Despite a dull market and controversies, India Art Fair carves a niche in art world

The fifth India Art Fair, which concluded on February 3, has not been free from controversies. The media has not been particularly kind, but for an event of this magnitude, one can hardly expect all reviews to be flattering. There was news about many people not being to enter due to lack of information on the cut-off time for entry.

Also, it appeared that there were fewer installations this year, but instead, the organisers compensated for this by more space for traditional art and hence a larger number of works by India’s best-known painters were on show.

Among the more serious comments were made against the organisers for misleading the public about art sales during previous art fairs. However, counteracting this was a report that announced a ‘healthy growth’ of almost 30 per cent in art sales.

In this context, I would like to say that all those involved with the business of art, are aware of the state of the art market across the globe.

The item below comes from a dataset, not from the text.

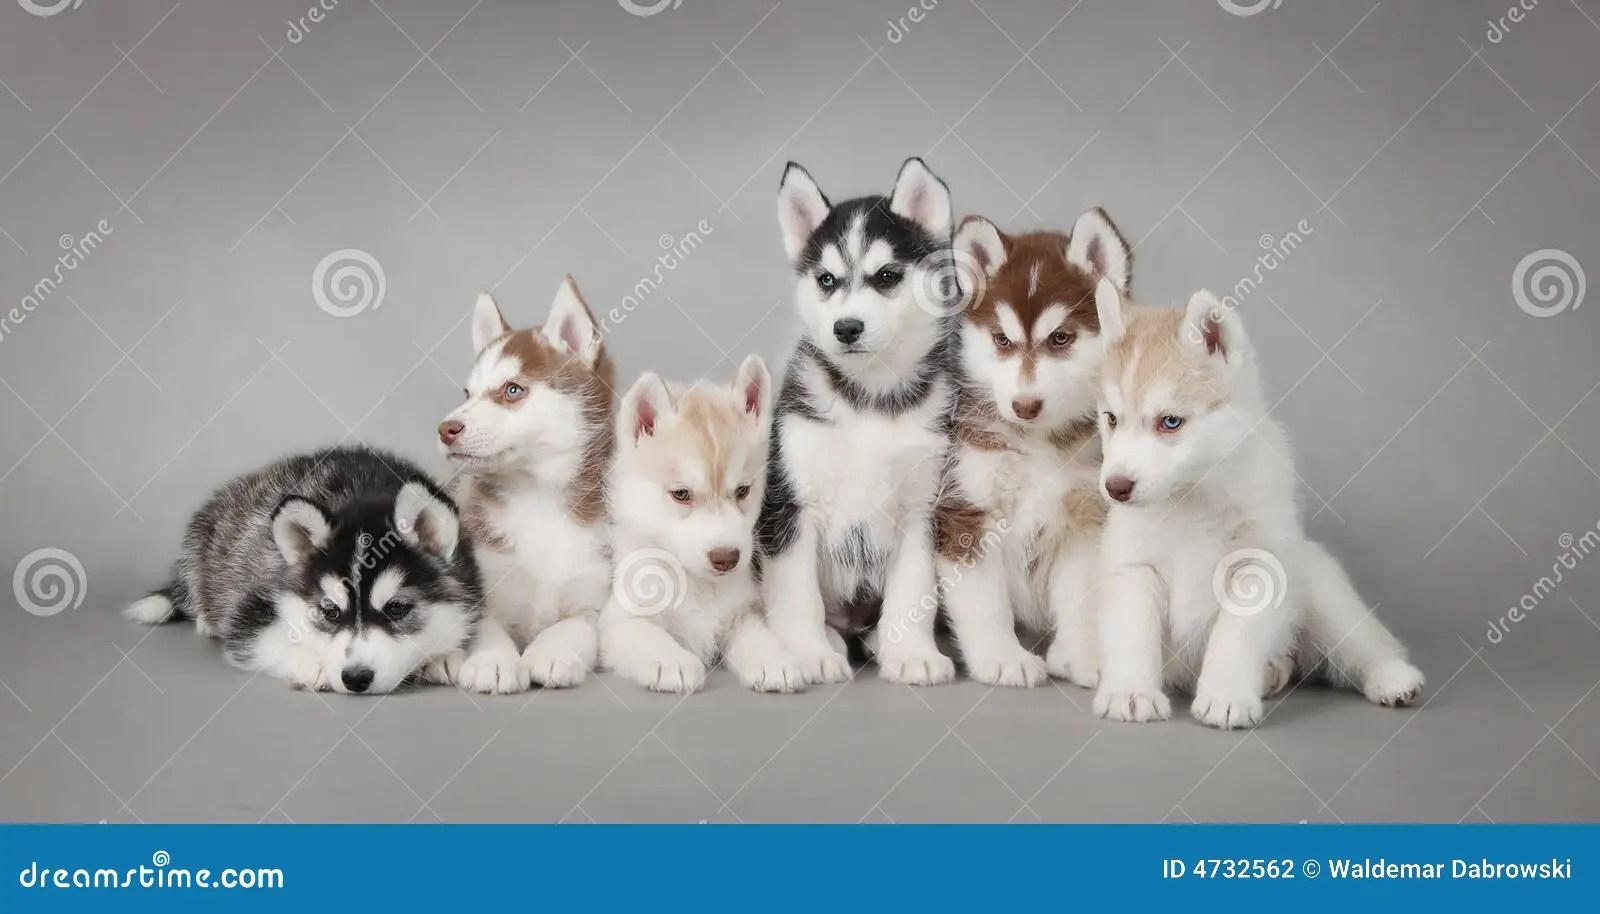 Cute Baby Attitude Wallpaper Husky Dog Puppies Stock Photography Image 4732562

The organisers have once again managed to attract many galleries and seasoned as well as new art collectors among the 130,000 visitors, who visited the India Art Fair.

It is through such fairs that the public gets to see the works of Indian artists and new buyers emerge, in an otherwise dull market.

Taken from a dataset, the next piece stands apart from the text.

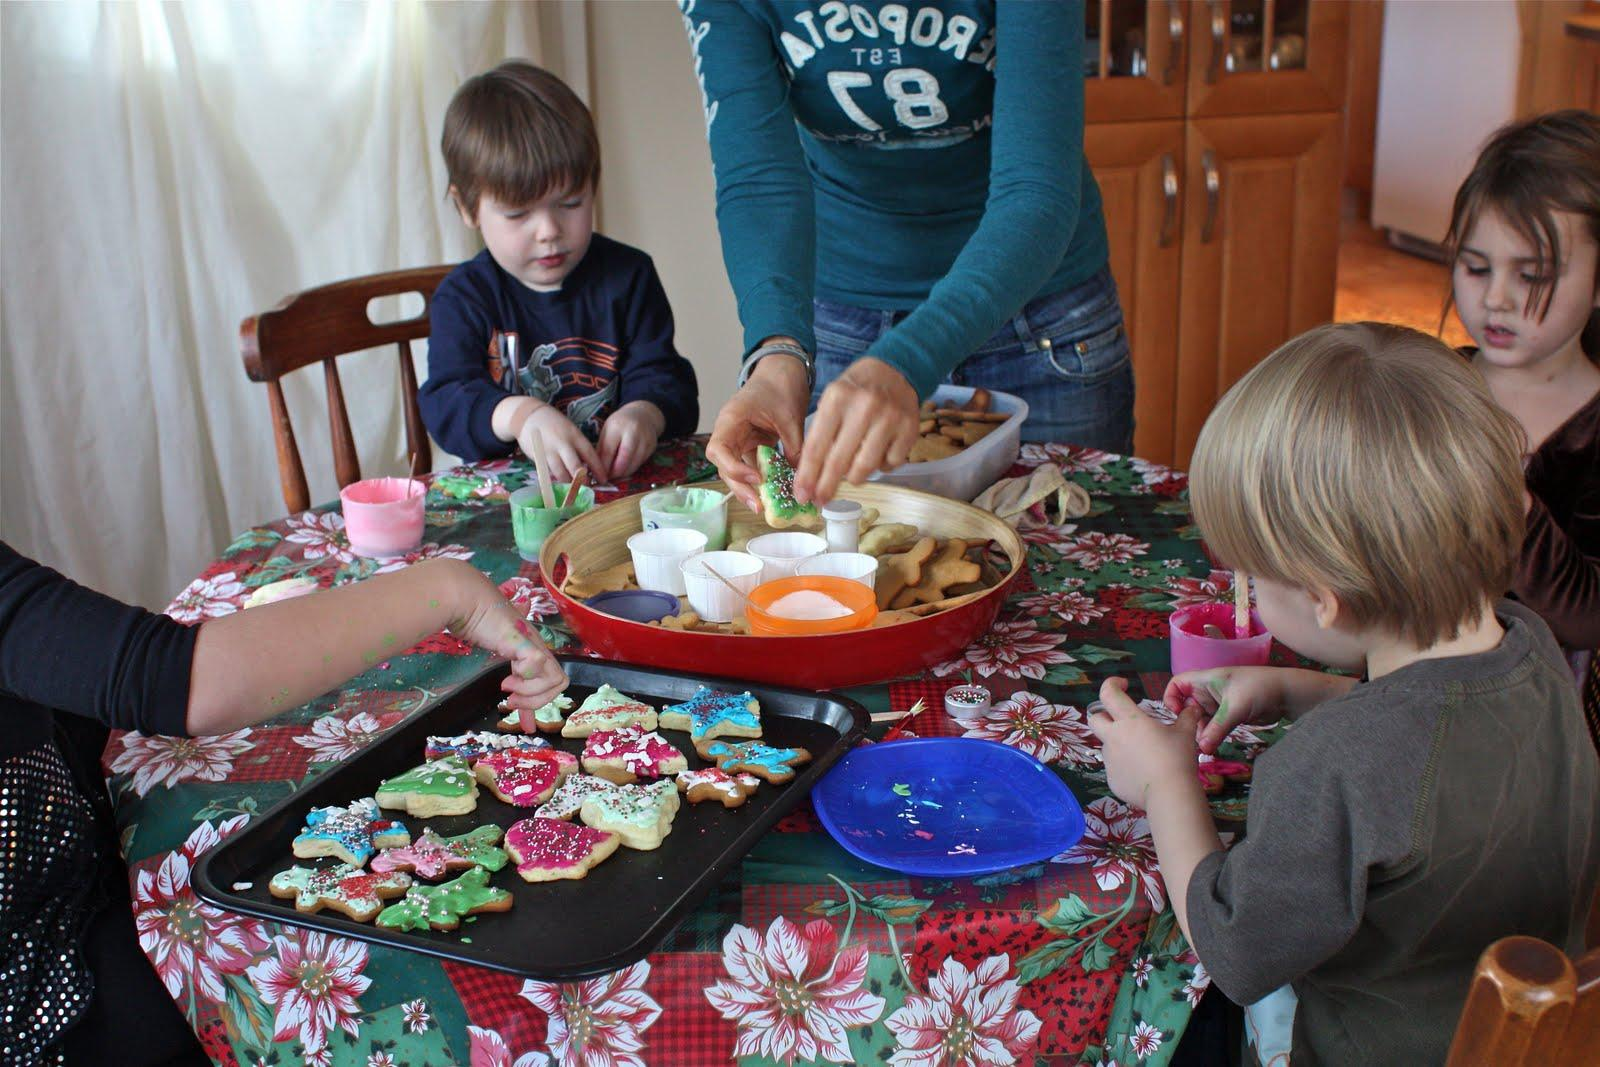 around flinging ornaments,

Among the better-known and renowned painters, whose works were exhibited were Ganesh Pyne and Somnath Hore, presented by Kolkata’s CIMA Gallery. Delhi Art Gallery presented some of the best works by MF Husain and Ramkumar. Some of Husain’s early works were also presented by Singapore’s Indigo Blue Gallery and a portrait of the Keehn family by the artist painted in 1959 was quite a scene stealer. It was priced at $150.

It has also been said that there was more focus on Husain this year since there were fewer works by ‘international masters’. As a genuine Husain fan, I certainly enjoyed hearing this.

There was also a complaint that the few installations that were showed are much smaller than usual. Subodh Gupta, among the most popular Indian artists in India and abroad, is known for his dramatically large works. His glass installation, Mirror Stage, made out of steel glasses, bowls and cutlery juxtaposed vertically over a flat mirror is considerably smaller than his usual pieces. Gupta’s work was presented by Italian art gallery, Galleria Continua. The installation was priced at ¤275,000, while his two smaller oils were ¤50,000 each. In addition, the capital’s Nature Morte gallery was also selling two of his classic works, Still Life and Family Portraits.

Other installations included Paresh Maiti’s depiction of Delhi’s seven-fold history, ‘Covering Letter’ by Jitish Kallat, which included a lit transparent installation of a letter from Mahatma Gandhi to Hitler. Also interesting was Krishna Murari’s Mom, created out of leather.

Indian art lovers wait eagerly for art fairs to give them the opportunity of seeing the works of international artists.

The India Art Fair brought us the works by some of the greatest 20th century artists, Pablo Picasso, Salvador Dali, Joan Miro, Francis Bacon and Marc Chagall — a real treat within specially designed surroundings.